The tattoo on Tim Steiner, 32, took 35 hours to create and was sold last week by Jutta Nexdorf’s gallery in Zurich for 150,000 euros ($214,320). The unidentified buyer has the right to sell Steiner’s tattoo or remove it upon the bearer’s death, Delvoye said.

“He will be the highlight of the fair,” Delvoye said in a phone interview yesterday from Belgium. “We’ve created a unique piece of art and a unique transaction and the world can see it for the first time” at Xin Beijing Gallery’s booth, he said. (…)

Delvoye is no stranger to controversy. His 2001 “Euterpe” resembles from a distance a cathedral window pane composed of tinted glass.
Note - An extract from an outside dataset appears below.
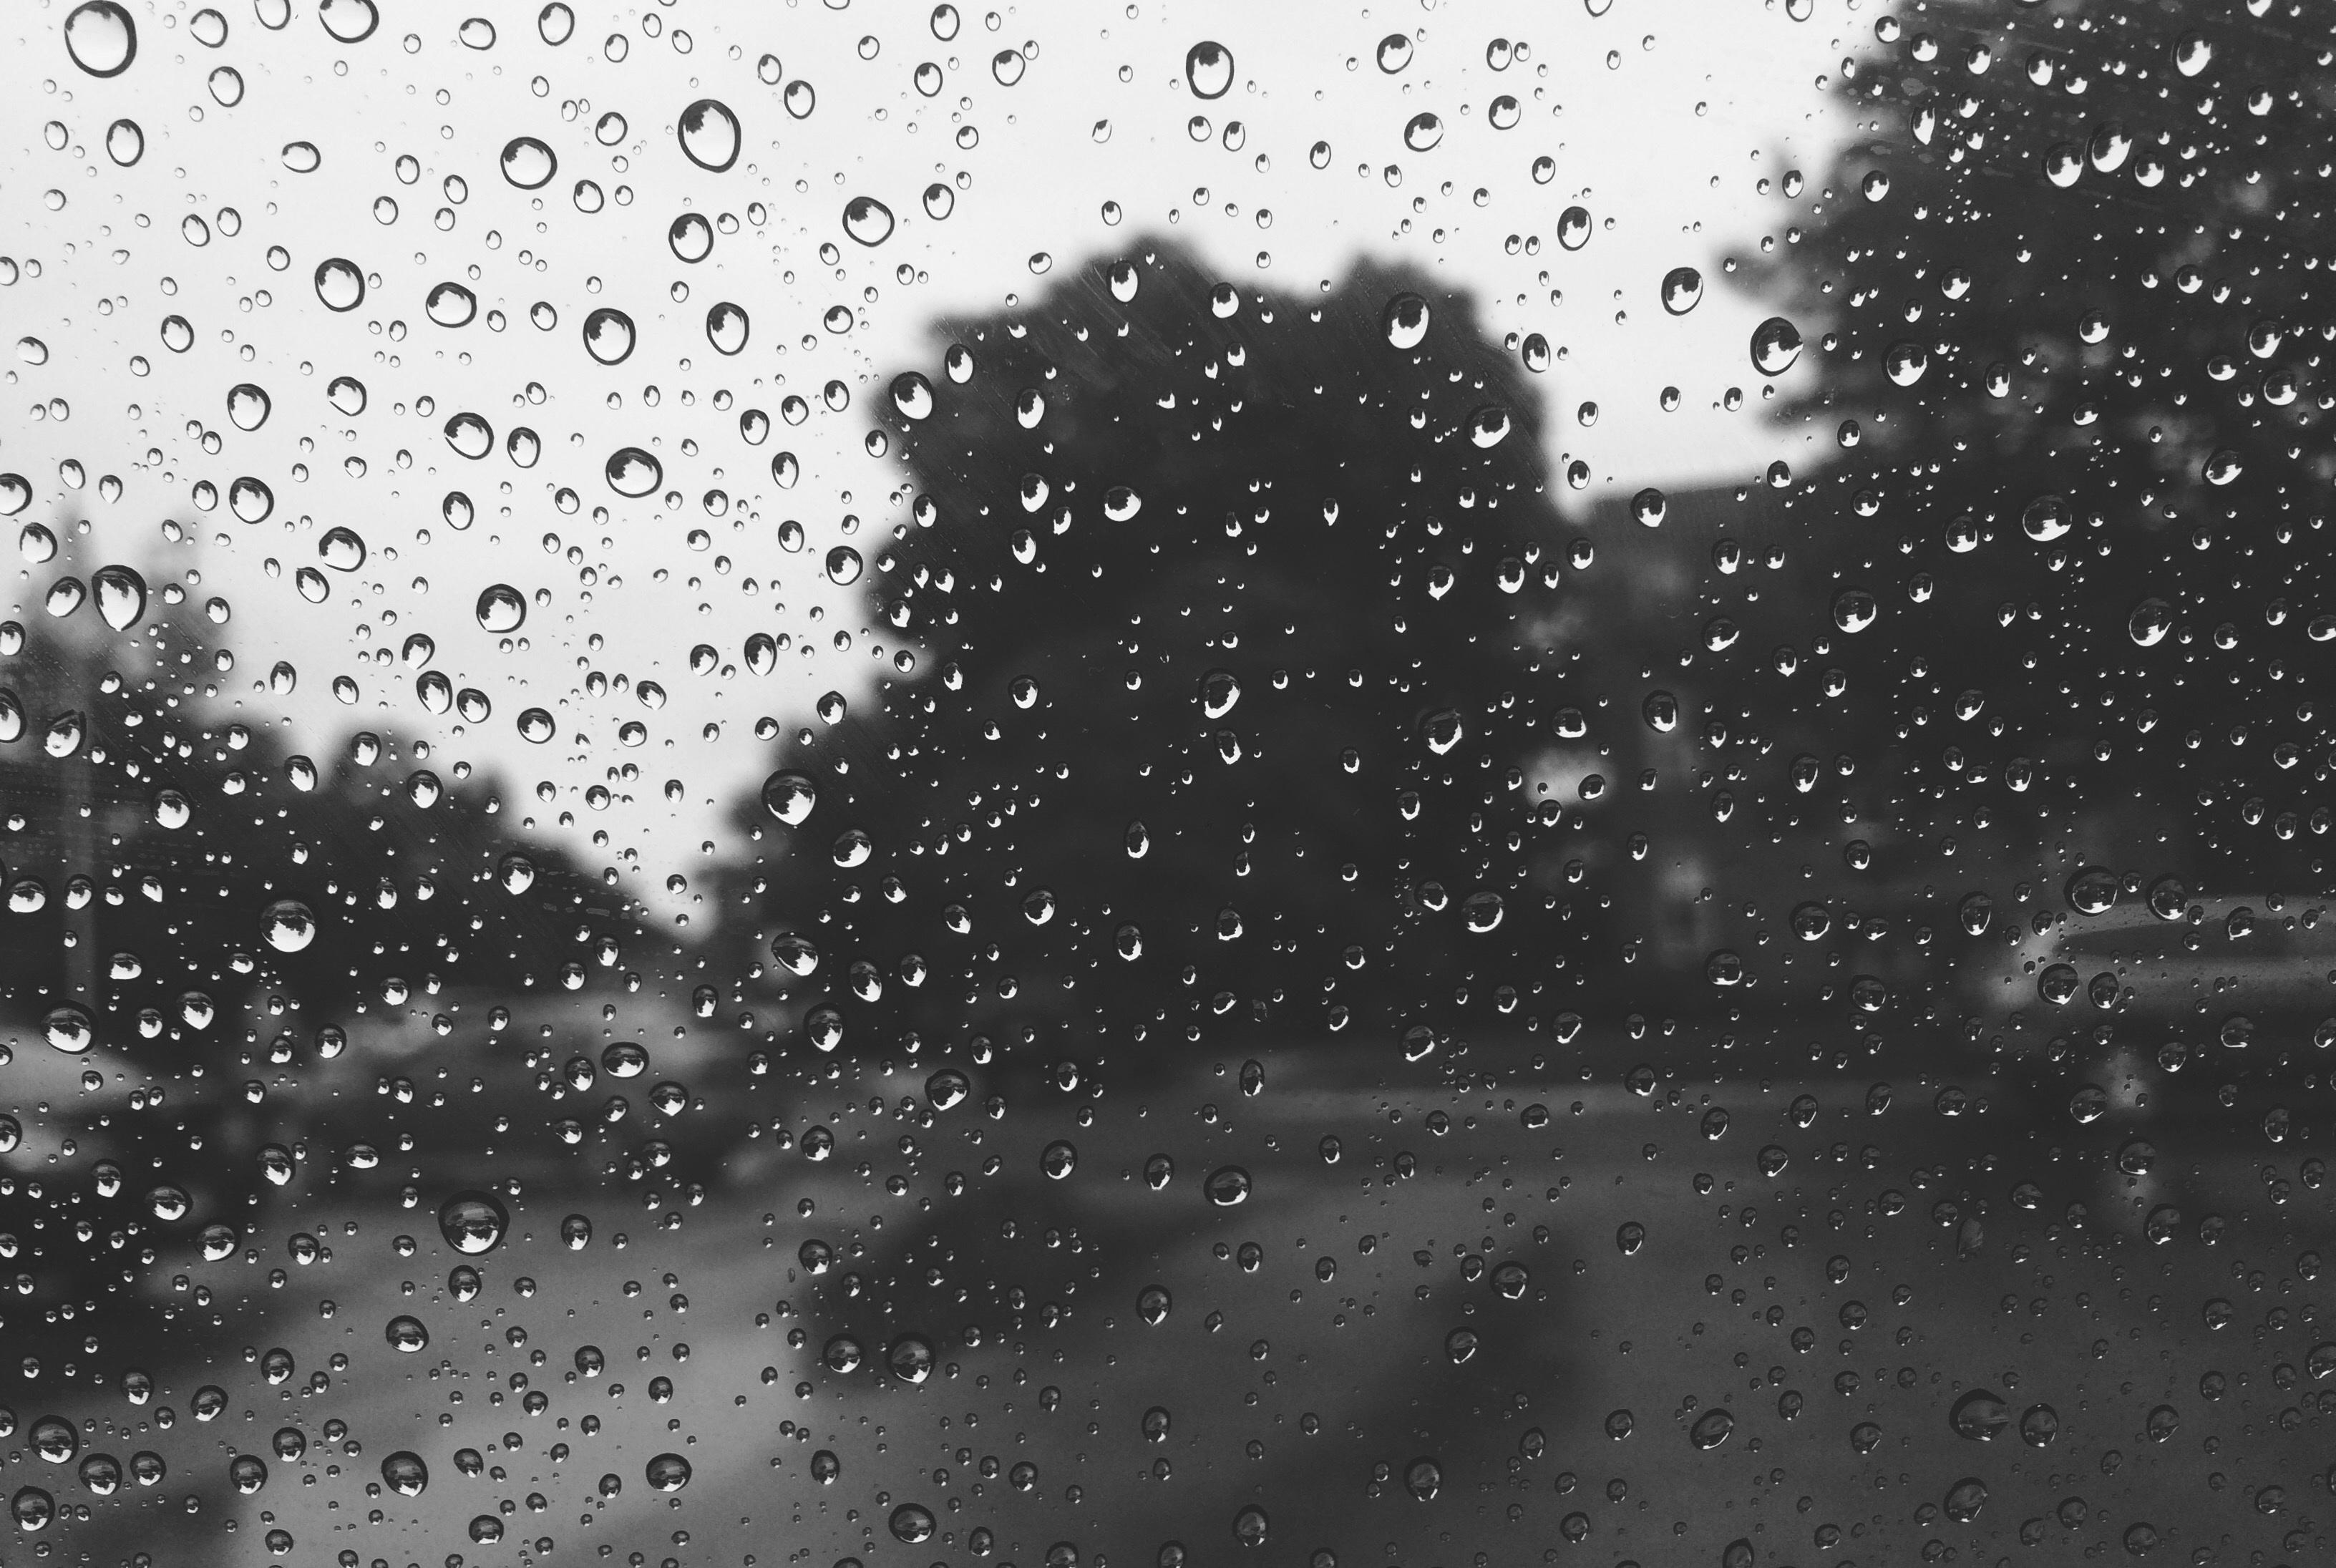 Rainy Day Black & White Photography | Abduzeedo Design ... |Rain Photography Black And White

The 2-meter work is actually a collage of 36 X-ray pictures, each the photograph of a Delvoye friend having sexual intercourse after being painted in radio-contrast barium sulfate.

His 2001 Cloaca machine replicated the human digestive system, producing rinds of feces that sold for 3,000 euros each in vacuum-packed bags. His plan to exhibit eight live pigs, each tattooed with the Walt Disney Co.’s characters and the Louis Vuitton motif, was rejected by SHContemporary’s organizer.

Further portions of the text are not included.